Husband Fur Hire (Bears Fur Hire Book 1)

 

 

 

HUSBAND FUR HIRE

(BEARS FUR HIRE, BOOK 1)

By T. S. JOYCE

Husband Fur Hire

Copyright © 2015 by T. S. Joyce

 

Copyright © 2015, T. S. Joyce

First electronic publication: October 2015

 

T. S. Joyce

www.tsjoycewrites.wordpress.com

 

All Rights Are Reserved. No part of this book may be used or reproduced in any manner whatsoever without written permission, except in the case of brief quotations embodied in critical articles and reviews. The unauthorized reproduction or distribution of this copyrighted work is illegal. No part of this book may be scanned, uploaded or distributed via the Internet or any other means, electronic or print, without the author’s permission.

 

NOTE FROM THE AUTHOR:

This book is a work of fiction. The names, characters, places, and incidents are products of the writer’s imagination or have been used fictitiously and are not to be construed as real. Any resemblance to persons, living or dead, actual events, locale or organizations is entirely coincidental. The author does not have any control over and does not assume any responsibility for third-party websites or their content.

 

Published in the United States of America

 

Chapter One

 

“You get out of my house!” Elyse screamed.

She chugged breath and blinked fast to hold the moisture that rimmed her eyes at bay. She would not cry for this man, not one tear.

“Our house, Elyse. It’s
our
house!” Cole yelled. He looked insane. Hazel eyes blazing, face red, veins popping out of his forehead, he was pacing their bedroom like a caged animal.

Cole McCall was the biggest liar she’d ever met.

He’d lied about being a good man, and about being faithful. He’d broken every promise he’d ever made her, and now this? Elyse wiped her throbbing lip with the back of her hand, and it came back with a smear of crimson.

He’d lost his damned mind if he thought she was one of those women who would take a hand to the face and stick around.
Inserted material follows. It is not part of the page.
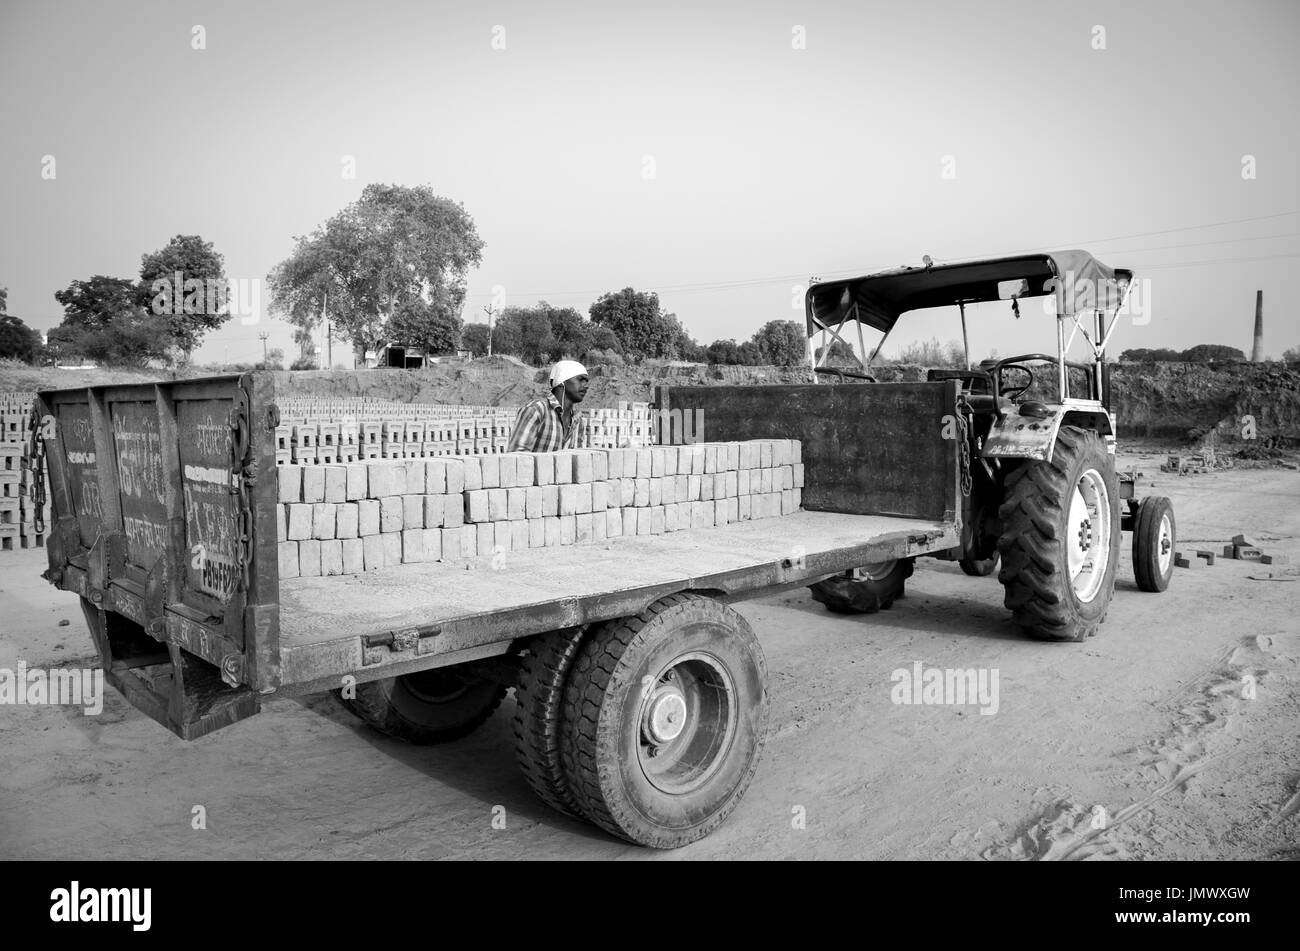 Amritsar, Punjab, Indien - 21. April 2017: Schwarzweiß-Bild von Backsteinen auf einem Lkw, an der ein Arbeitnehmer bereit für einen Großmarkt Versand geladen werden Stockfoto

In a rush, she ran out of the bedroom and bolted for the gun rack near the front door. She yanked off an old shotgun, snapped it open, shoved two shells into the barrel, then popped it back into place with a satisfying crack of metal.
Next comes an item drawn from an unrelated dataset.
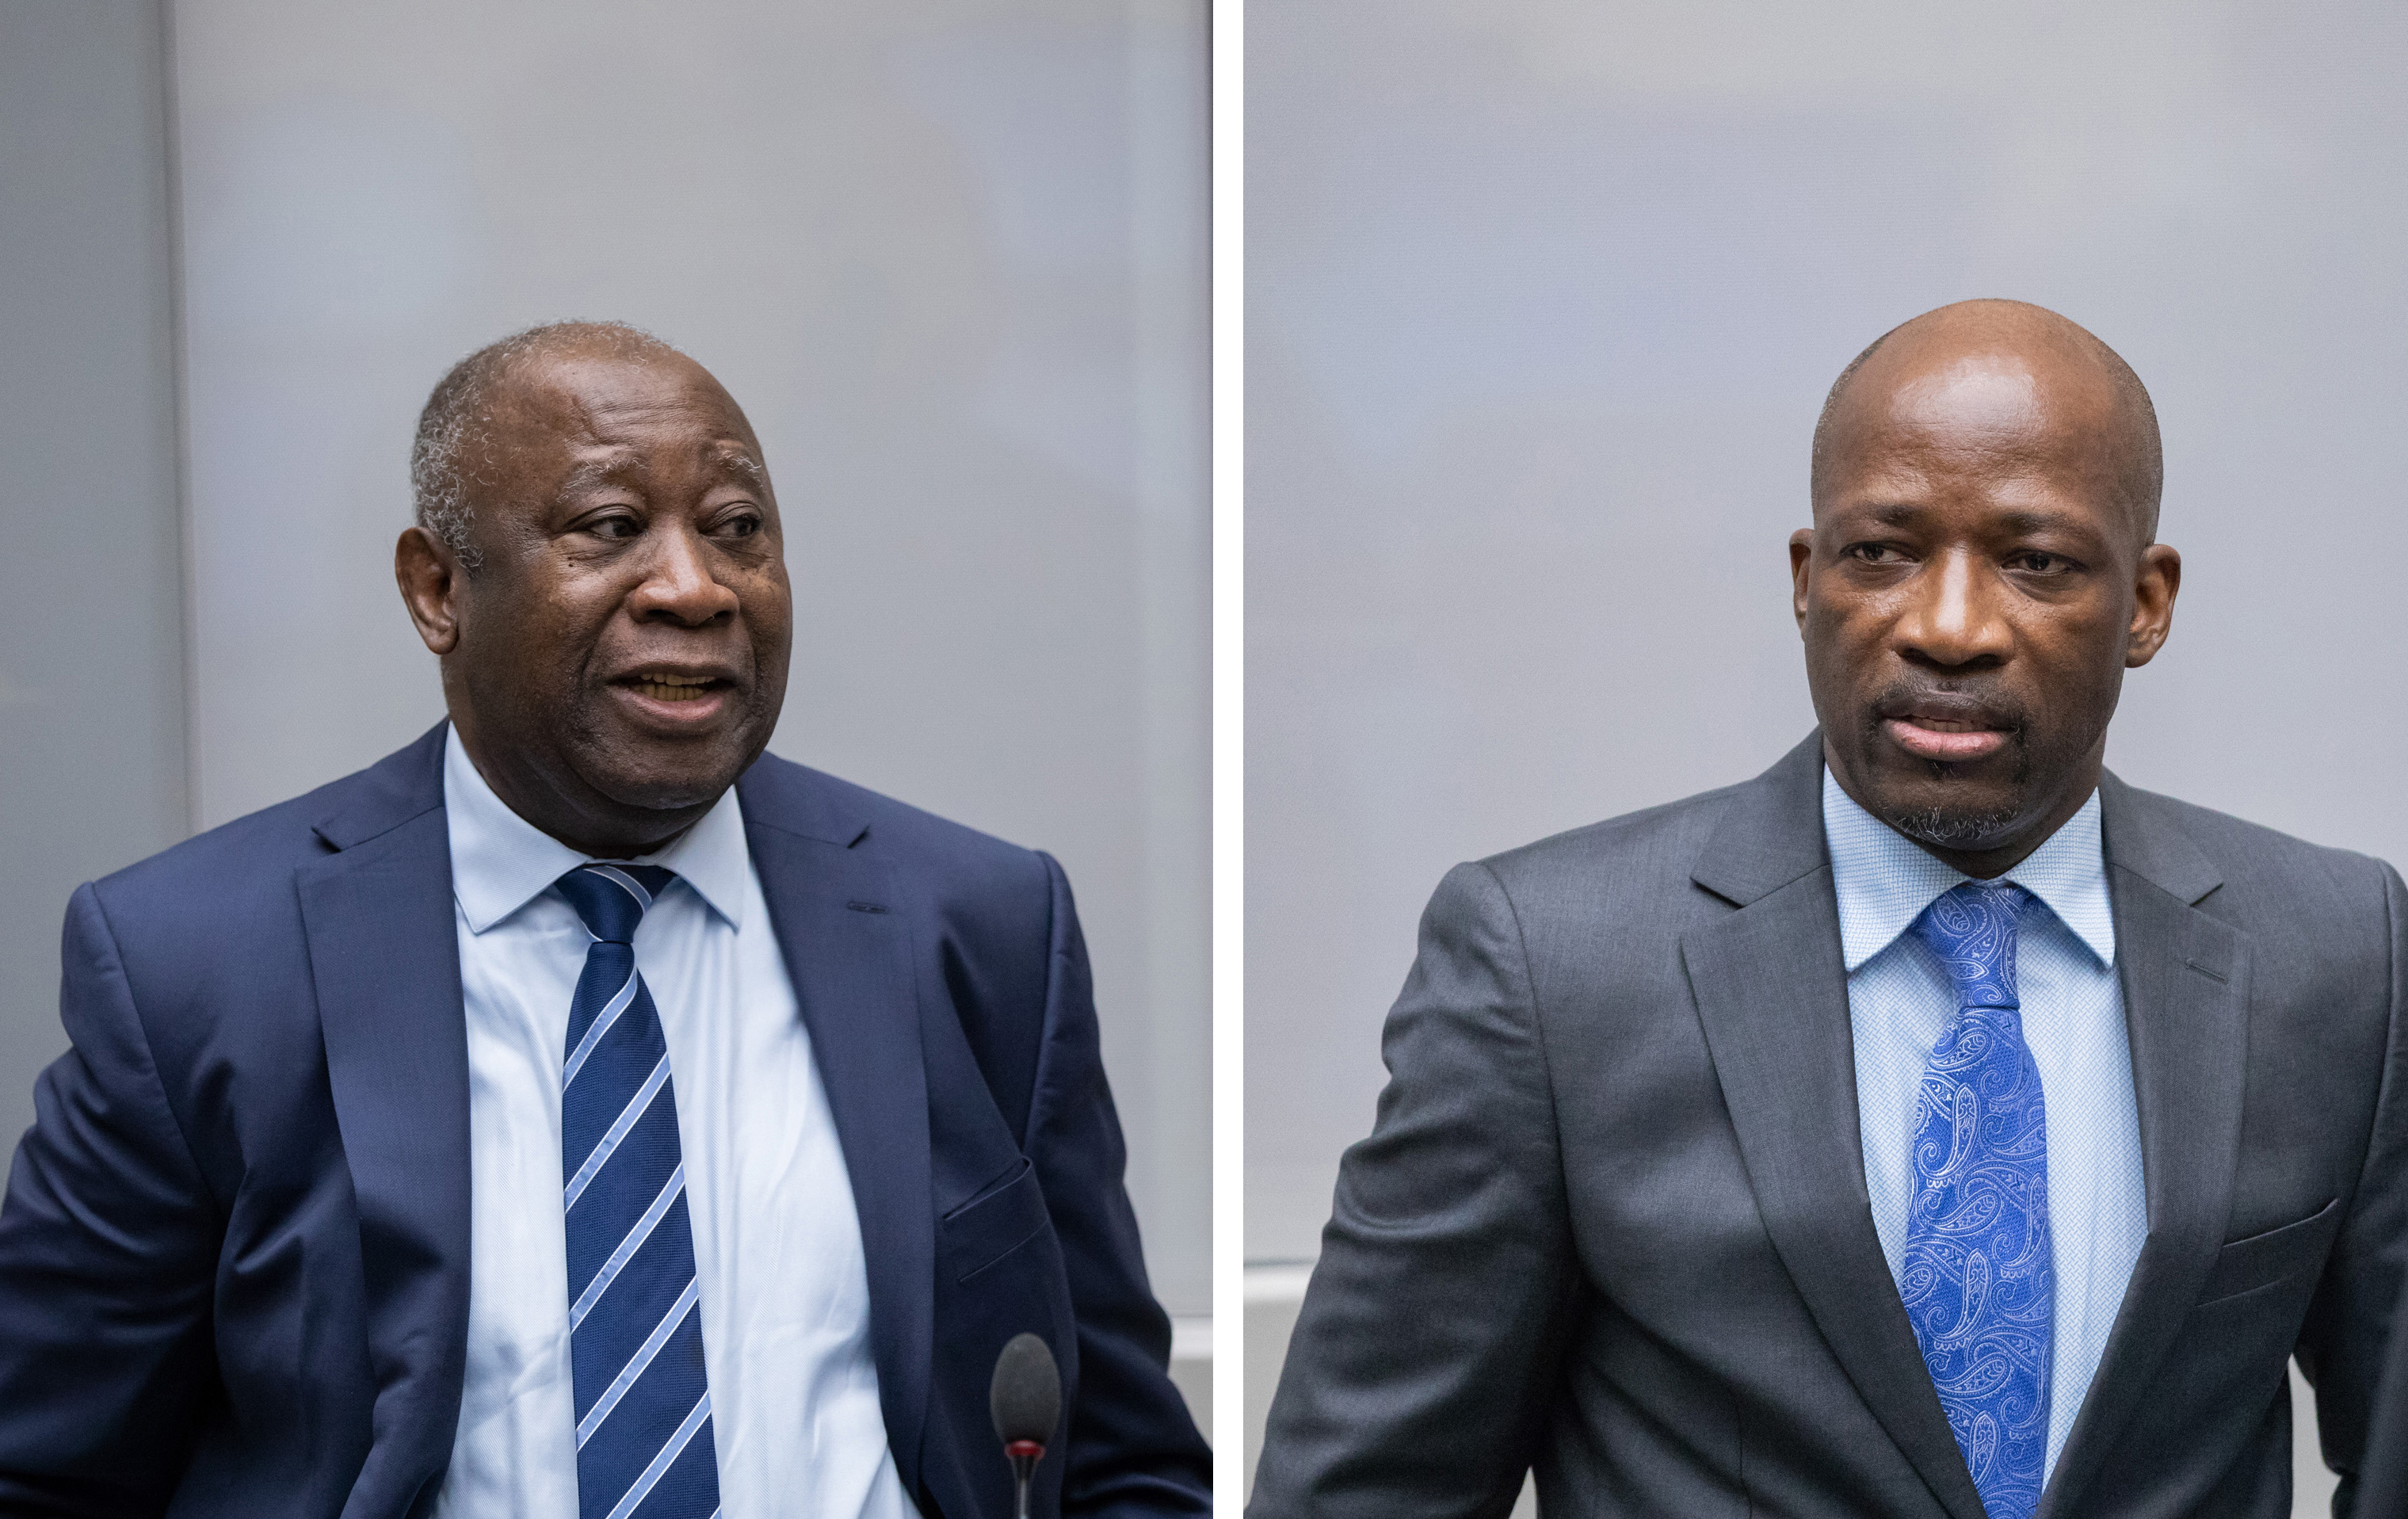 Laurent Gbagbo et Charles Blé Goudé lors de l’audience du 15 janvier 2019 devant la Cour pénale internationale à La Haye, Pays-Bas ©ICC-CPI

“What are you doing?” Cole yelled as he came out of the bedroom, hands in his hair, eyes wilder than she’d ever seen them. He was going crazy. Crazy. She’d watched him slowly lose his mind over the last few months, and she’d been patient, but this was where the horse got off this buggy.

“I said get the fuck out of my house!” Her lip throbbed in time with her racing heart, and her arms shook with shock, but when she gripped the gun and aimed at his chest, her hands steadied. “I hope you know me well enough to understand I don’t bluff.”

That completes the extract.